Il convient toutefois de prendre de telles propositions avec précaution. One size doesn’t fit all. La Belgique
doit se battre pour le maintien de son régime fiscal et son économie. Comme le disait Calimero : « Ils sont
grands et je suis petit, c’est vraiment trop injuste ! ». C’est pourquoi il faut cultiver ce que l’Europe
reproche à la Belgique : sa particularité. Nous avons déjà perdu la politique monétaire, confiée à la Banque
centrale européenne.

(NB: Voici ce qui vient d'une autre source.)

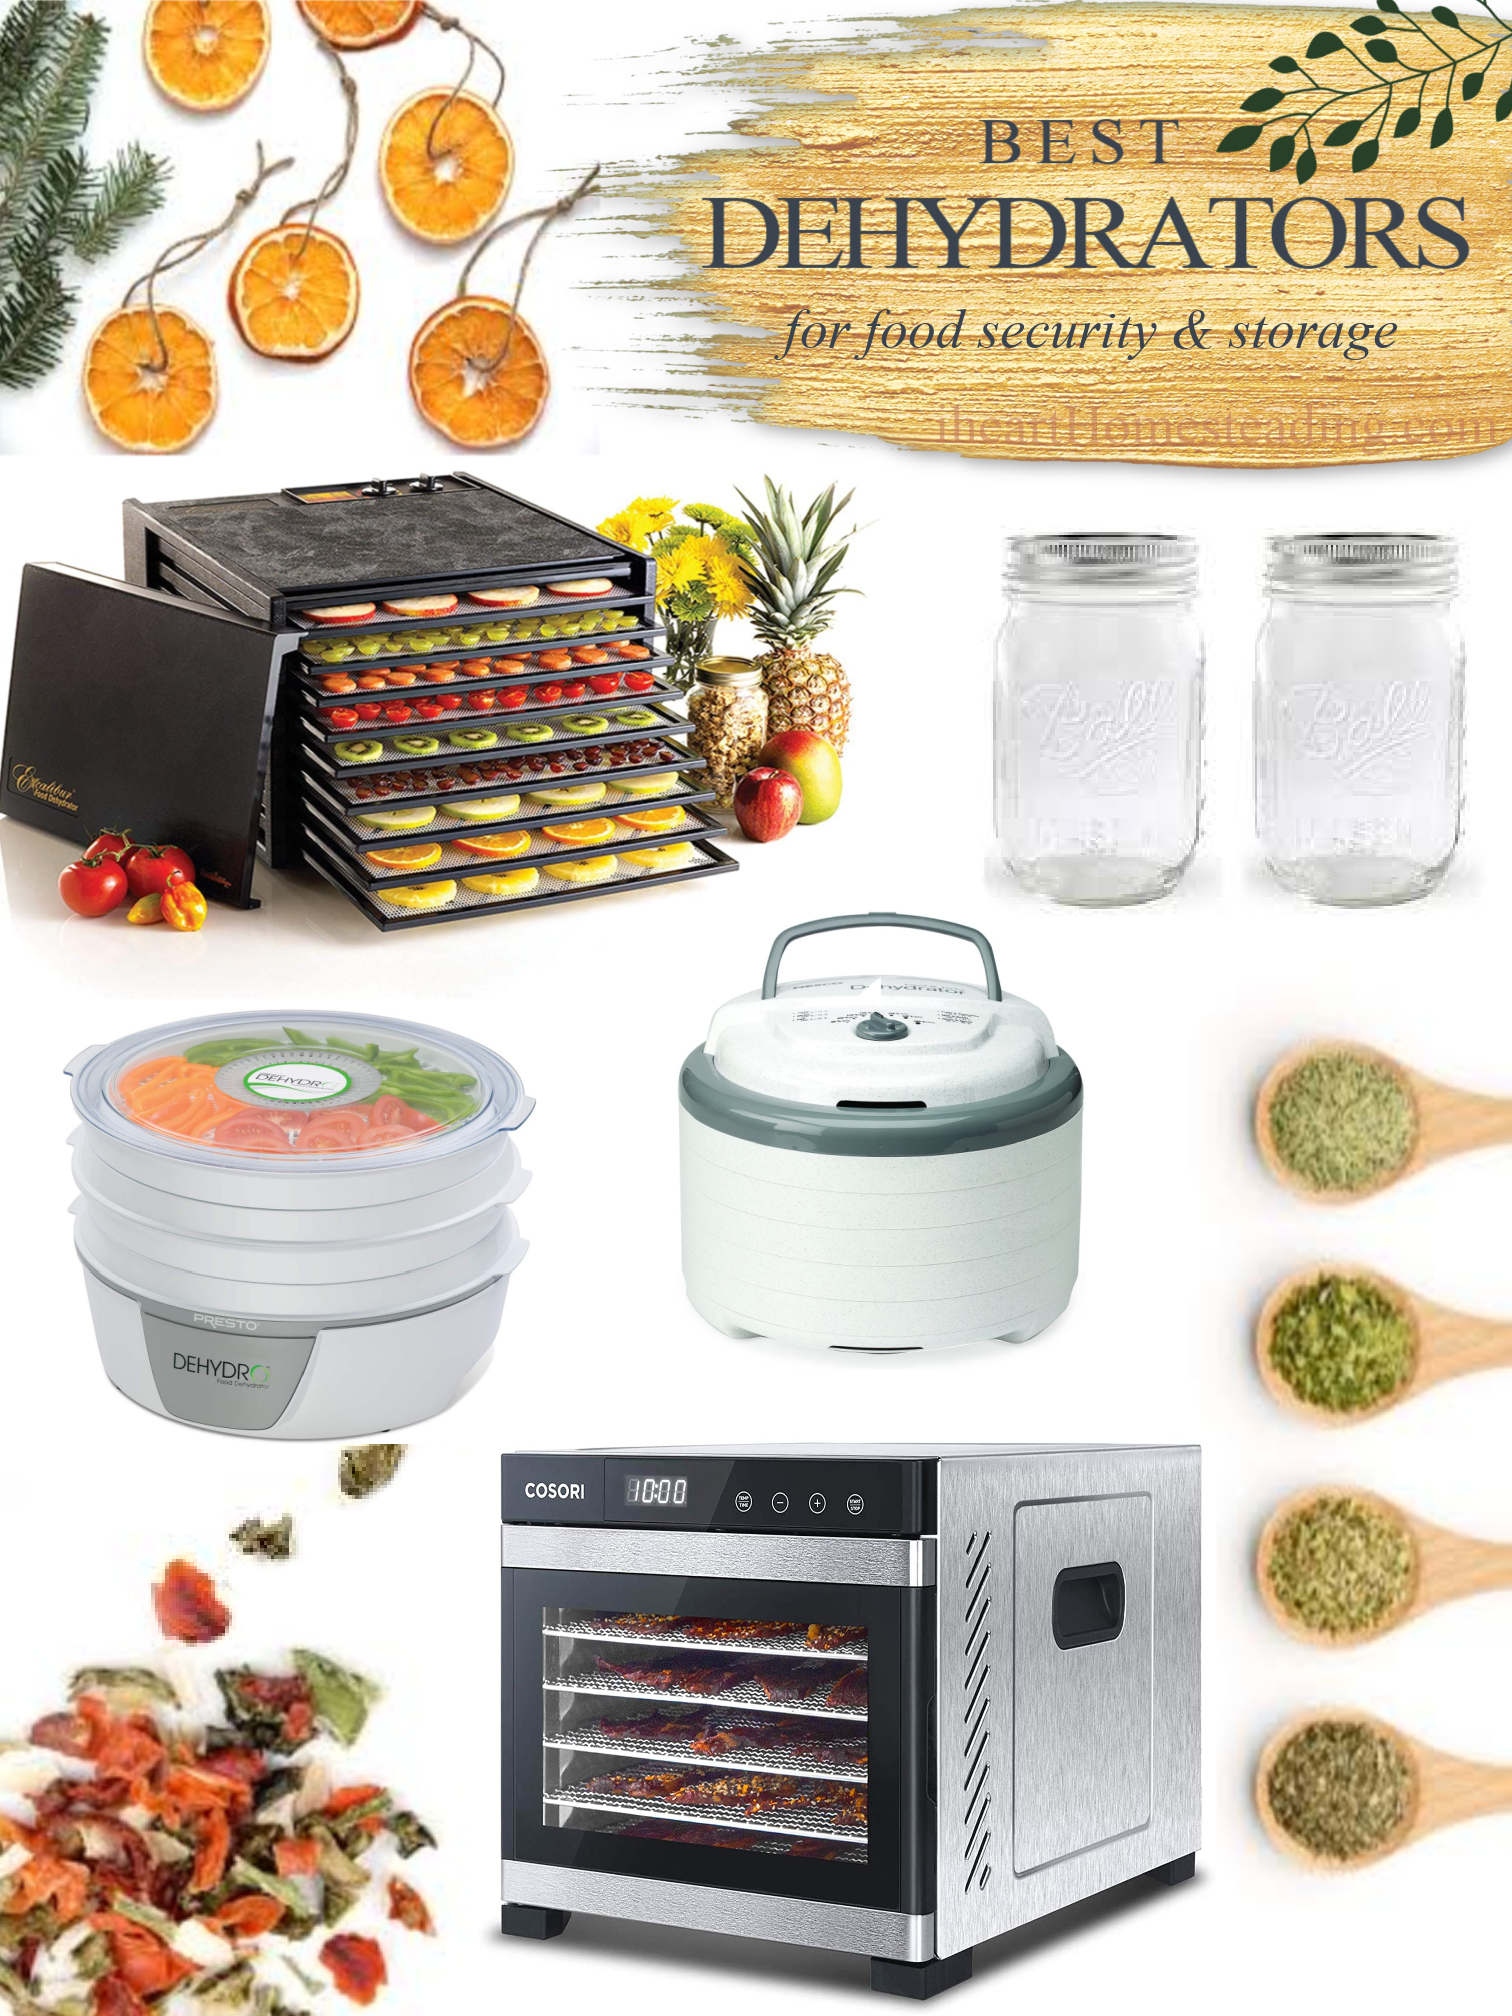 Best dehydrators for food security and storage

Si l’Europe se mêle à présent de la fiscalité, il ne restera pas grand-chose de la
politique économique locale. Non, la proposition du ministre peut tout au plus être un bon plan B.

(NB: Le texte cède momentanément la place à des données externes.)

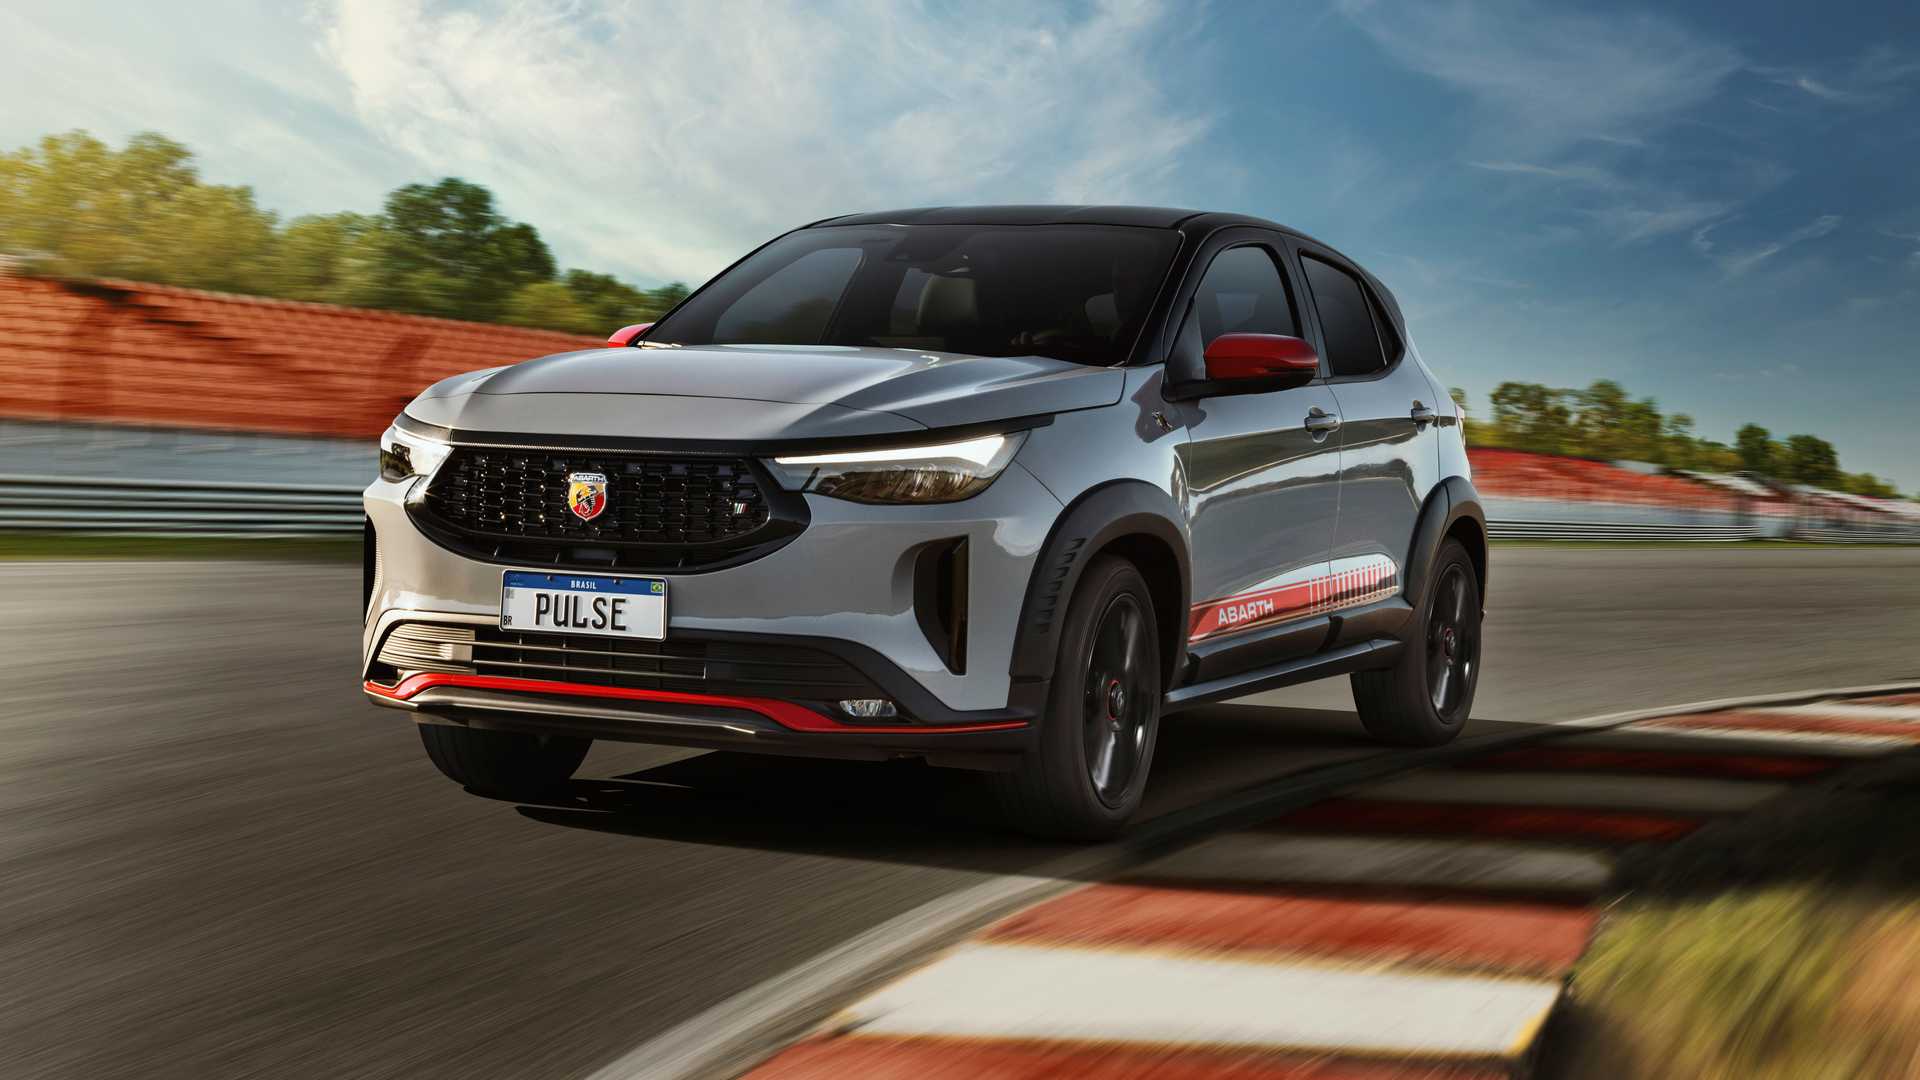 Fiat Pulse SUV gets an Abarth performance version

L’Europe ferait mieux de se plonger dans les livres de John Nash, mathématicien et lauréat du Prix Nobel. Il
a écrit sur le jeu à somme nulle, un jeu qui se joue à deux ou plus, où le nombre de points que le gagnant
obtient est égal au nombre de points que les autres joueurs perdent. Un tel scénario est idéal dans bien des
cas, mais par exemple pas lorsqu’il s’agit de croissance économique. John Nash estimait que l’on peut
éliminer cet effet dans l’économie parce que chaque personne agit selon ses propres intérêts, mais aussi
selon l’intérêt du groupe. Cela devrait donner plus de gagnants et moins de perdants. Alors, réfléchissons
de manière critique à la manière dont un compromis peut être atteint à l’international, sans que la Belgique
ne doive trop céder sur son régime fiscal. Car plus on est soi-même, moins on est comme les autres. Et cela
profite à tout le monde.
Jan Tuerlinckx
L’auteur est avocat associé chez Tuerlinckx Avocats Fiscalistes.